Credit Suisse is winding down Greensill-affiliated funds valued at $ 10 billion


ZURICH (Reuters) – Credit Suisse announced on Friday that it was winding up its $ 10 billion supply chain finance funds, which were mainly invested in bonds backed by specialist finance firm Greensill.

FILE PHOTO: Greensill Bank is pictured in downtown Bremen on July 3, 2019. REUTERS / Fabian Bimmer

The London-based Greensill Group is preparing to file for bankruptcy and is in talks to sell parts of its business to US private equity firm Apollo Global Management Inc.

Greensill did not want to comment on the bankruptcy preparations or the change of Credit Suisse. Apollo also declined to comment.

“The fund management boards have now decided to dissolve the funds. Credit Suisse Asset Management’s priority is to strike a balance between liquidating funds in a timely manner and maximizing value for investors, ”said the Swiss bank’s funds division.

Credit Suisse asset management added in a statement on Friday that it is closing the funds due to valuation uncertainties, limited availability of insurance coverage for new investments and challenges in finding suitable investments.

The second-largest bank in Switzerland suspended the withdrawal of funds supporting Greensill’s lending operations on Monday due to concerns about its exact valuation and announced on Wednesday that it would return excess cash to shareholders.


Credit Suisse said the funds had “lower insurance coverage for new investments” but declined to say whether existing investments were protected.

How much money investors win back in the funds to be closed can depend on the insurance coverage of the investments.

The funds offer loans backed by blue chip companies but also by high leverage companies that are not rated by major credit institutions, including Sanjeev Gupta’s GFG Alliance.

GFG did not want to comment on Greensill’s problems, but said it had alternative funding options for its business.

Bond and Credit Company (BCC), a unit of Japan’s Tokyo Navy, had covered $ 4.6 billion in Greensill credits, according to an Australian court ruling denying Greensill’s motion that BCC’s former partner, Insurance Australia Group (IAG) to be forced to expand insurance coverage.
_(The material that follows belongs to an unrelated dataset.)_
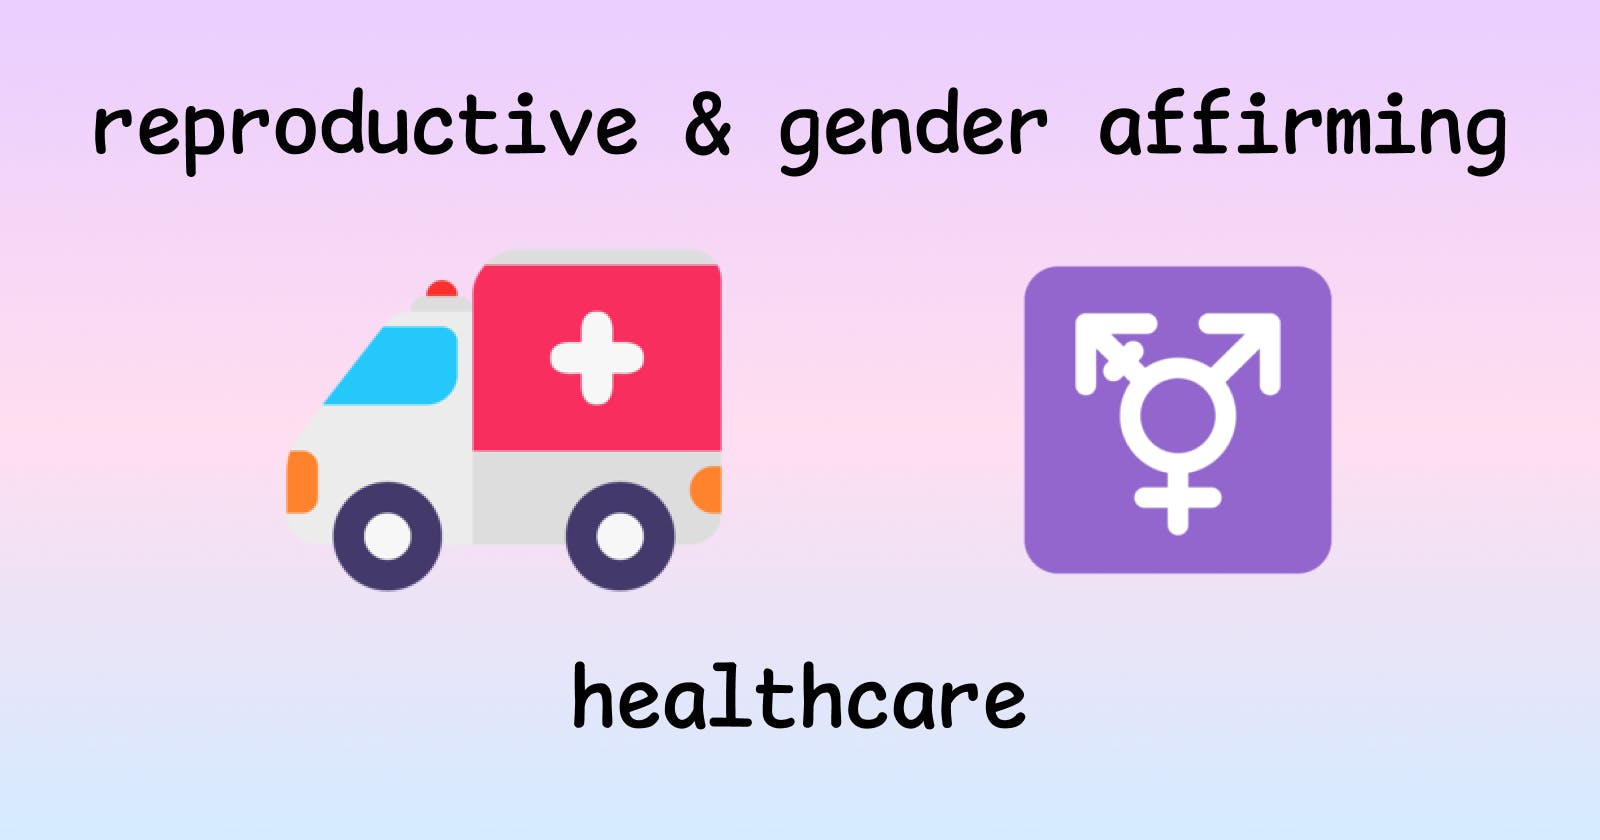 Resources for accessing abortions and gender-affirming care

Tokyo told Greensill last year that it had opened an investigation into whether the insurance it offered was approved in line with the company’s procedures, court documents showed.

Tokyo Marine declined to comment. Insurance Australia said the sale of its BCC stake in 2019 meant IAG had no further economic interest or exposure to commercial credit insurance. Greensill declined to answer questions about insurance matters.


Apollo has already started funding Greensill’s customers, whom they intend to continue working with once the purchase of Greensill’s operations is complete, a source familiar with the acquisition talks said.

The private equity group, best known for buying troubled assets especially after the 2008 financial crisis, plans to manage the Greensill process through its partner insurance company Athene, the source added.

Apollo manages the invested assets of Athene, a New York listed insurer. It will pick some of the more attractive assets out of Greensill’s loan portfolio, the source said.

Another source said Apollo will prioritize investment grade customers through Athene Greensill, and anything below that is likely not to be included.

An Apollo spokesman declined to comment.

Credit Suisse said there were more than 1,000 investors in the four liquidated funds, all institutional or professional, and it would begin paying out cash in installments starting March 8.

Cash, or cash equivalents, made up roughly $ 3.7 billion of the four Credit Suisse funds worth $ 10.1 billion last week, a statement to investors revealed.